# Exercise prompt
The listing below is to be written out word for word, minus its images.

# Data block
◆ ◆ ◆ ◆

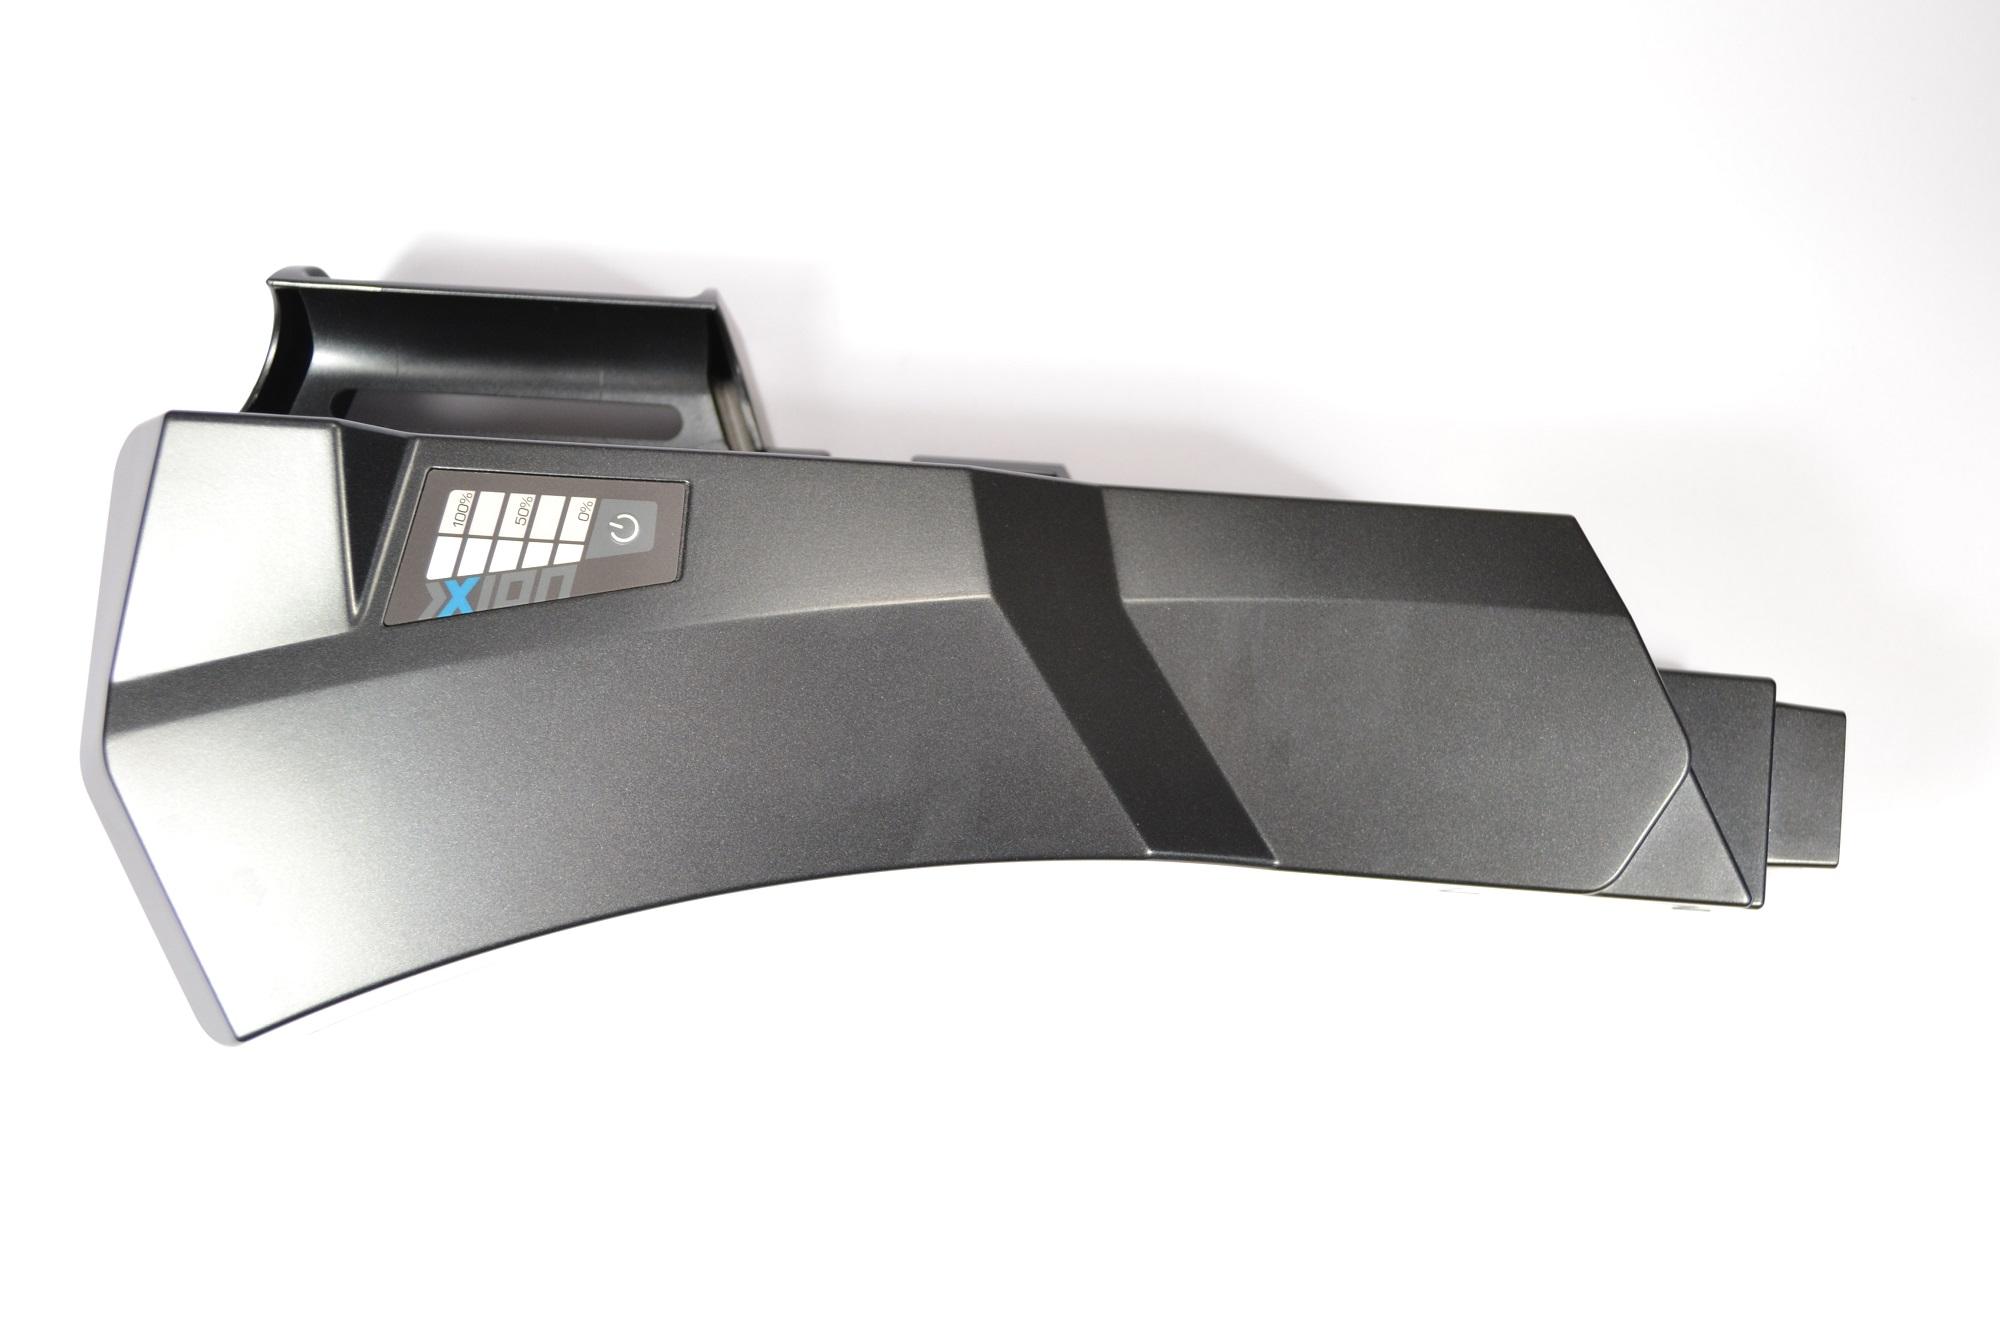 e bike xion akku 36v 14 5ah seattube original derby cycle. Black Bedroom Furniture Sets. Home Design Ideas
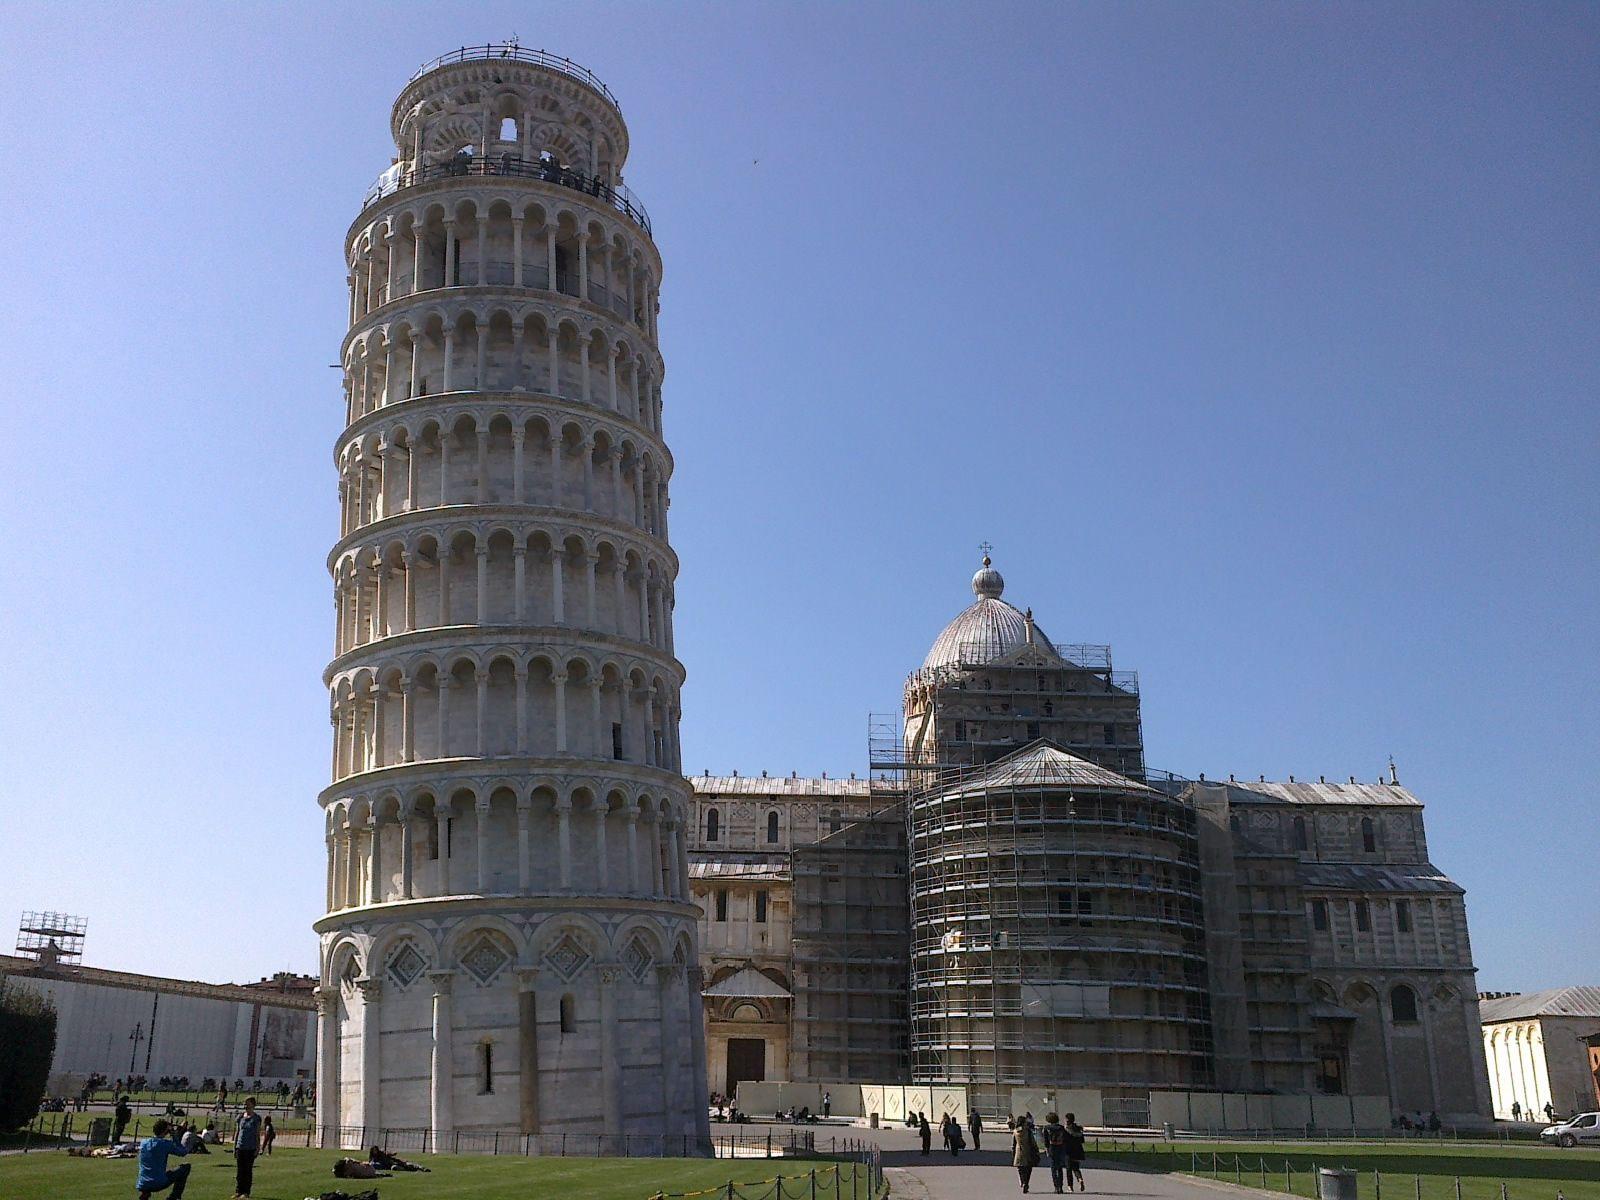 Mi sembra torre di Pisa  girando girando  Pinterest
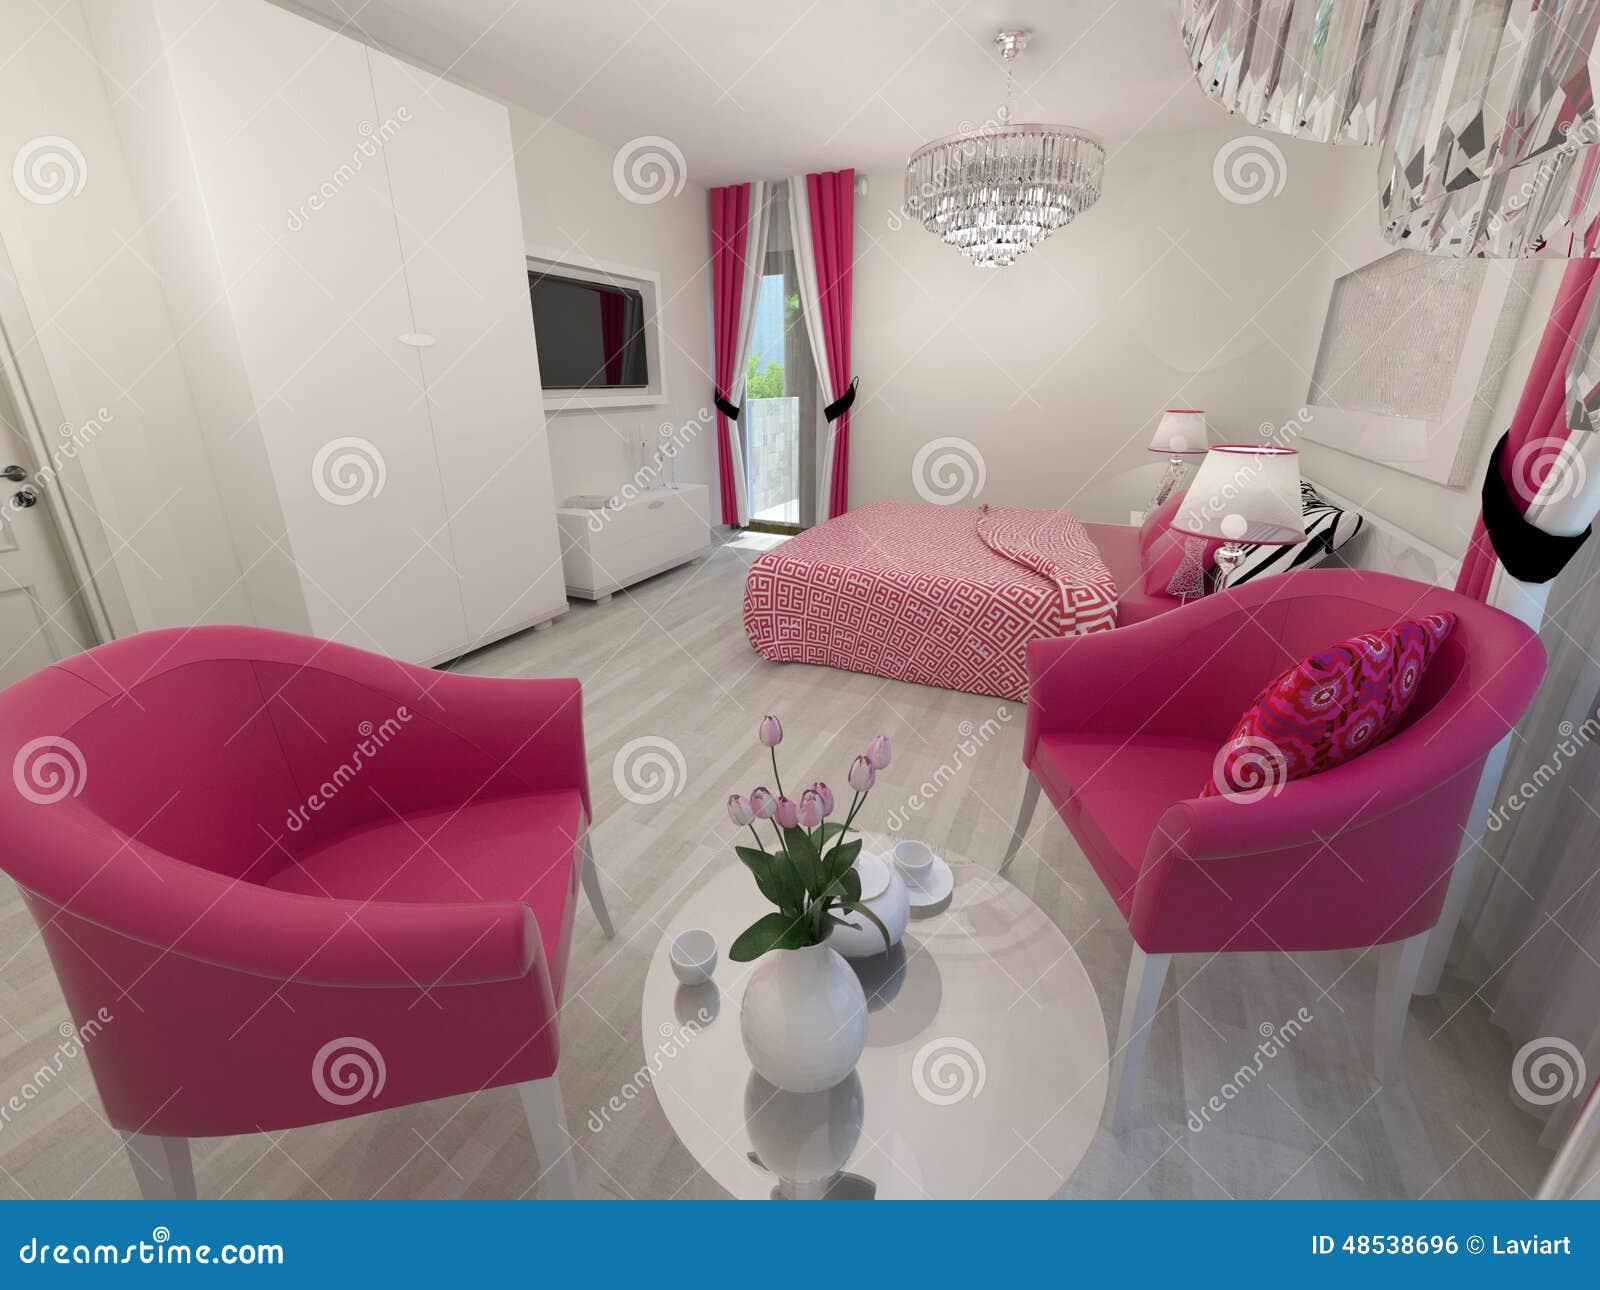 Chambre à Coucher Blanche Et Rose Moderne Illustration Stock ...

◆ ◆ ◆ ◆

# Reply
 e bike xion akku 36v 14 5ah seattube original derby cycle. Black Bedroom Furniture Sets. Home Design Ideas
 Mi sembra torre di Pisa  girando girando  Pinterest
 Chambre à Coucher Blanche Et Rose Moderne Illustration Stock ...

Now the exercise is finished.